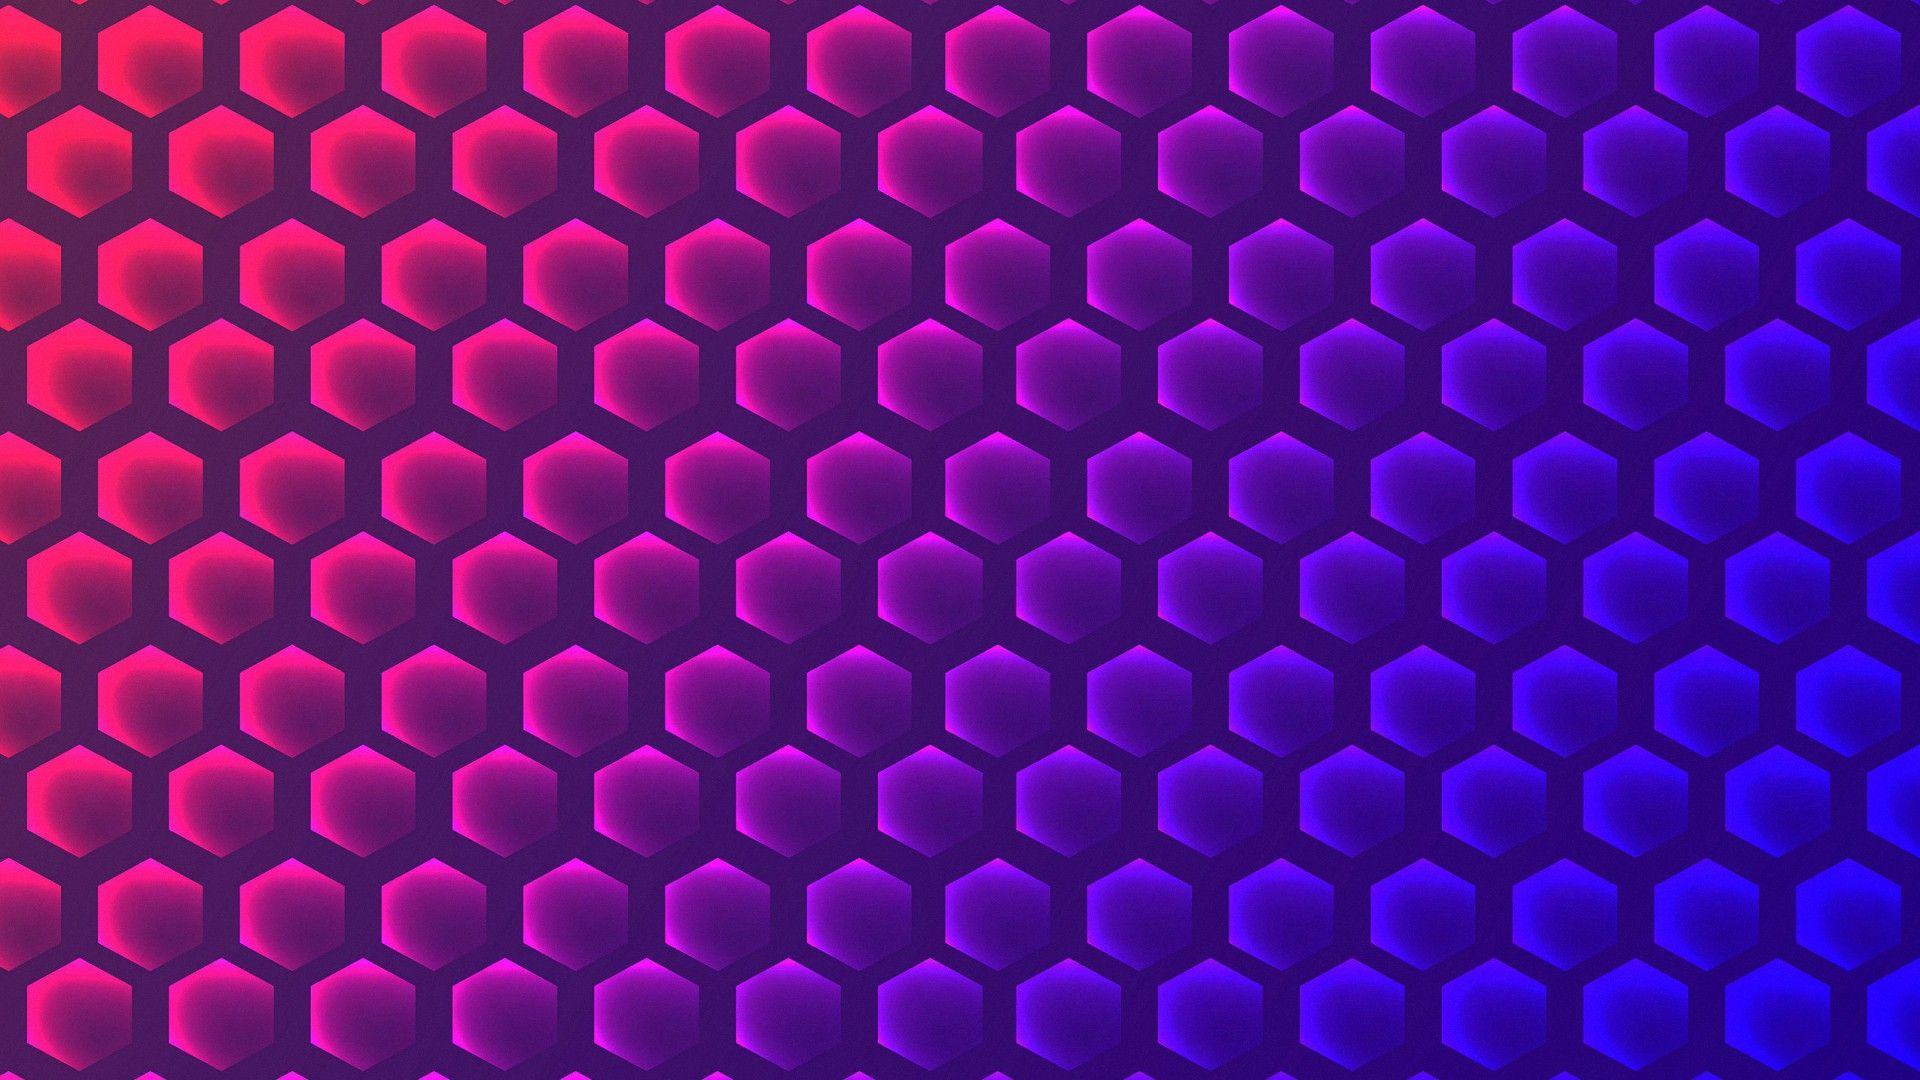 Hex free download wallpaper
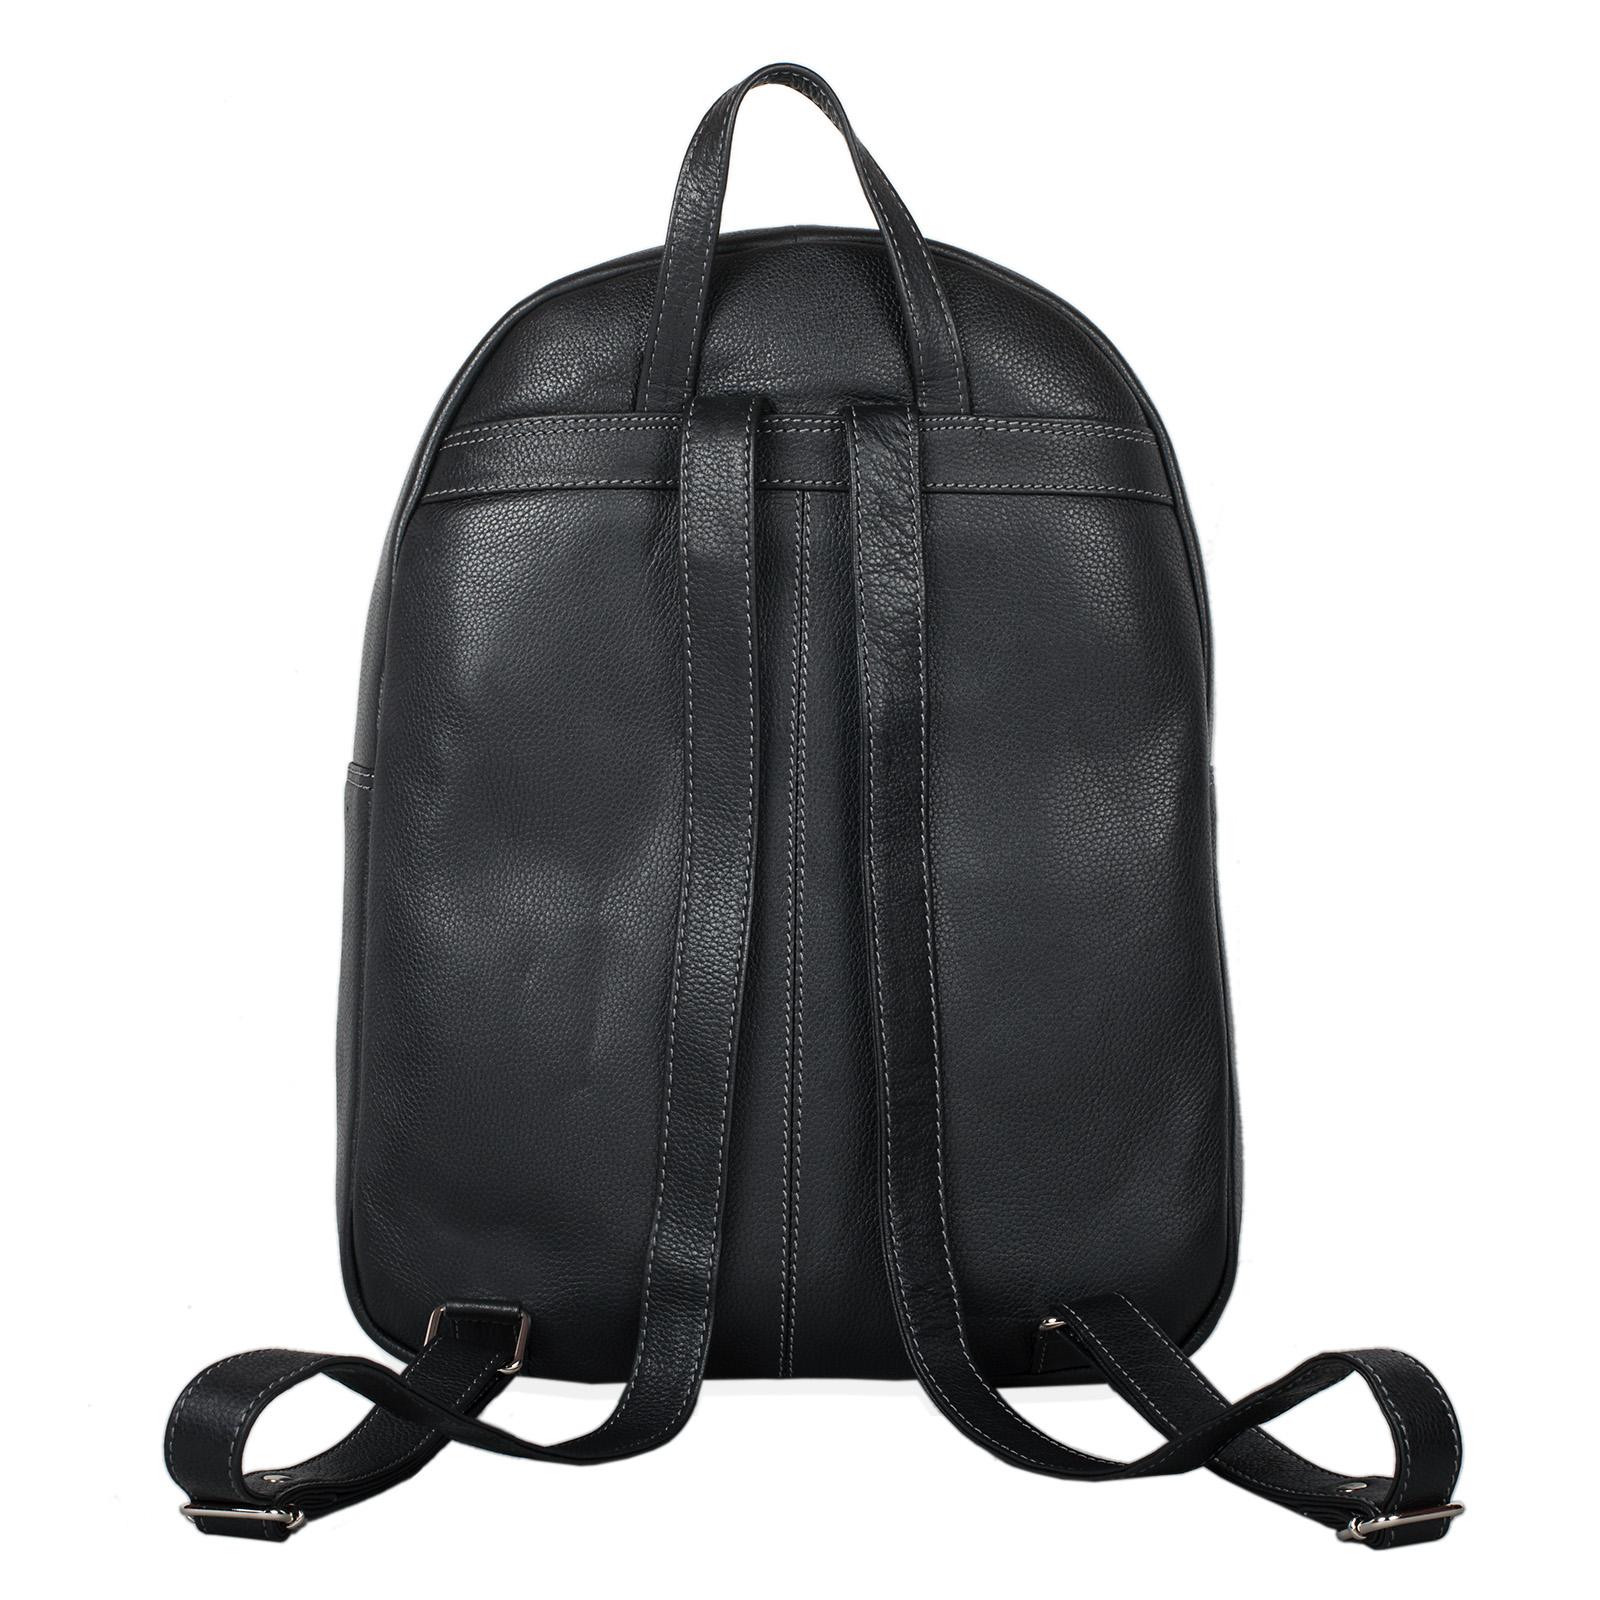 "STILORD ""Conner"" Leder-Rucksack Herren groß Vintage Daypack Backpack Unirucksack Schule Freizeit Rucksackhandtasche Business 13,3 Zoll Laptop A4 echtes Rindsleder - Bild 20"
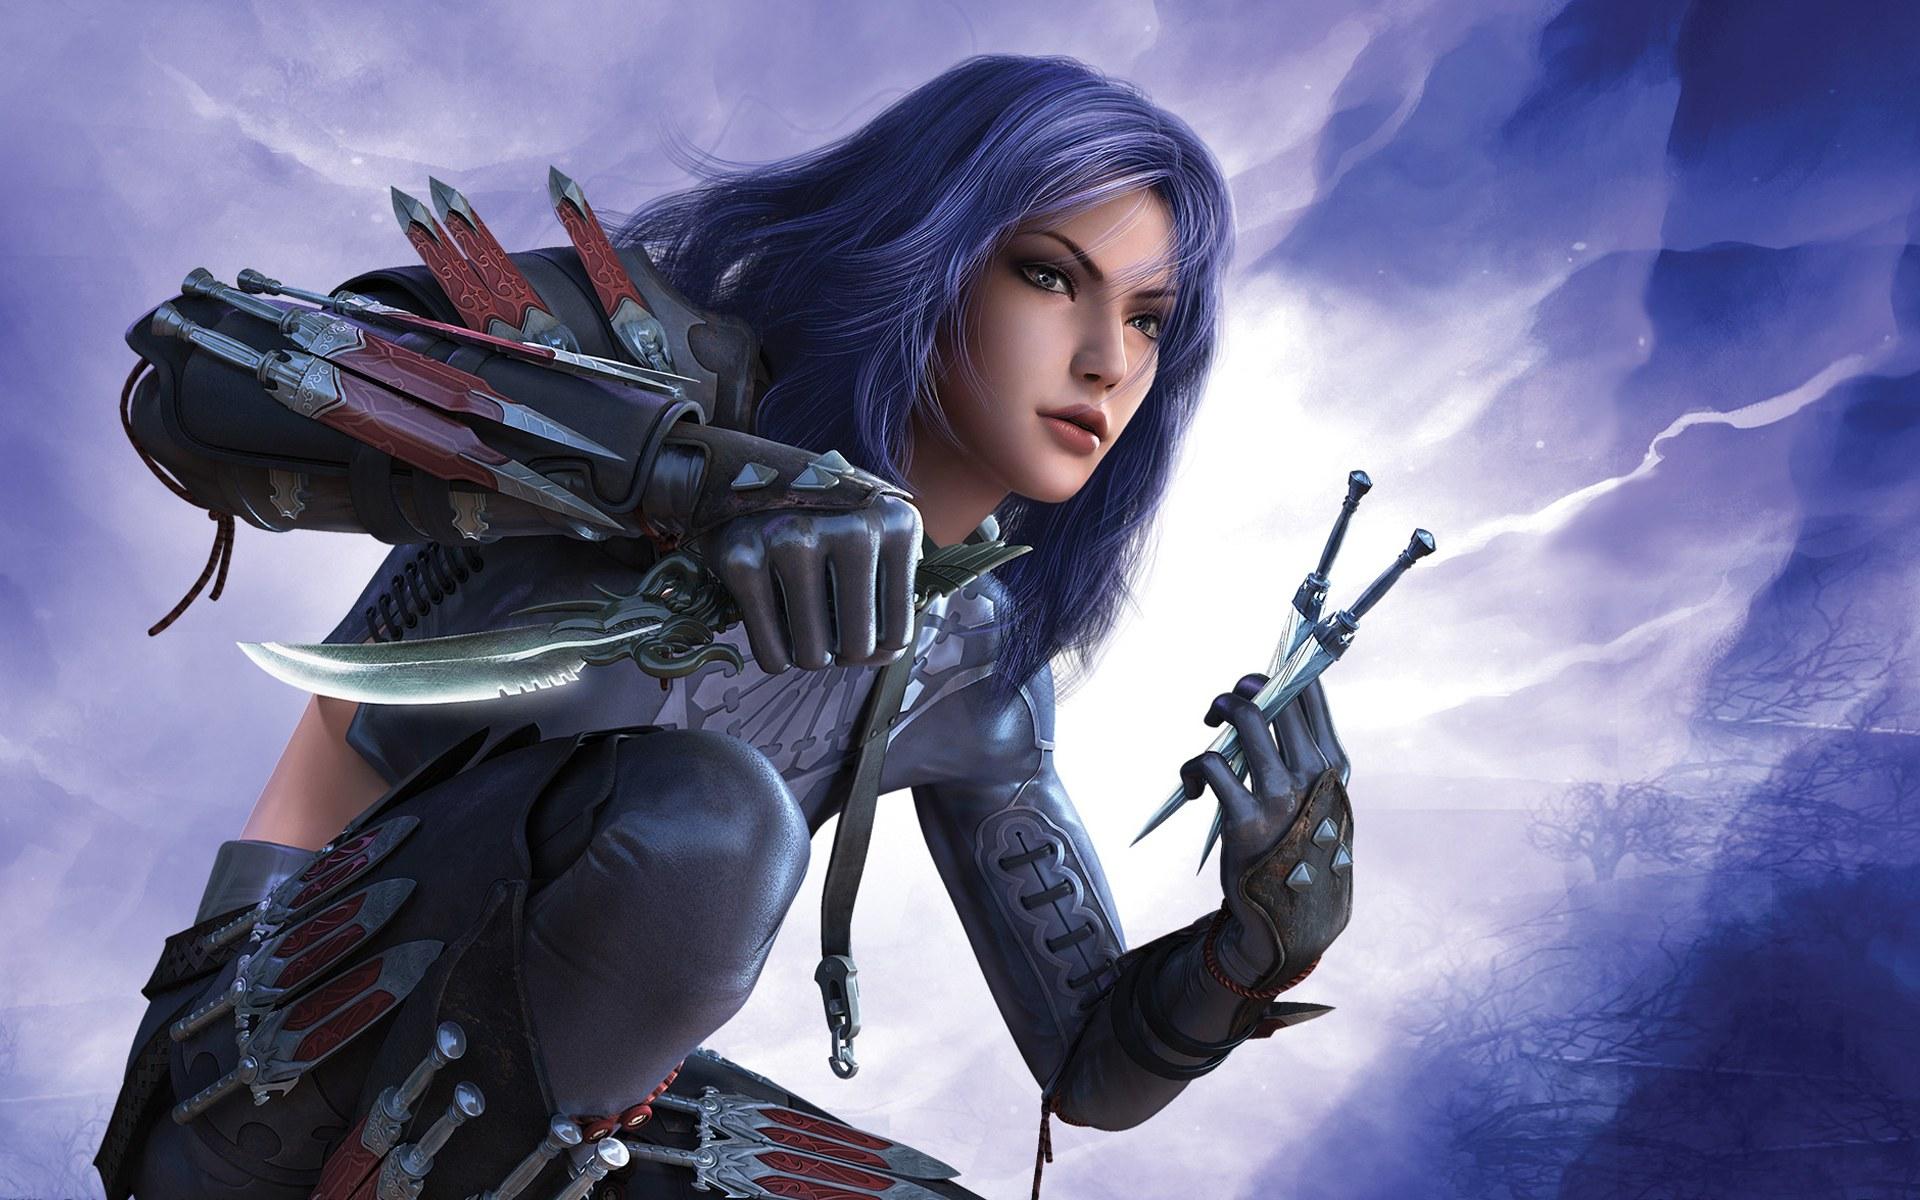 chica Fantasy   Asesino fondos de pantalla chica Fantasy   Asesino 1920x1200
——
Goal of the exercise:
The data above should be repeated exactly, minus any pictures.

Response box:
 Hex free download wallpaper
 "STILORD ""Conner"" Leder-Rucksack Herren groß Vintage Daypack Backpack Unirucksack Schule Freizeit Rucksackhandtasche Business 13,3 Zoll Laptop A4 echtes Rindsleder - Bild 20"
 chica Fantasy   Asesino fondos de pantalla chica Fantasy   Asesino 1920x1200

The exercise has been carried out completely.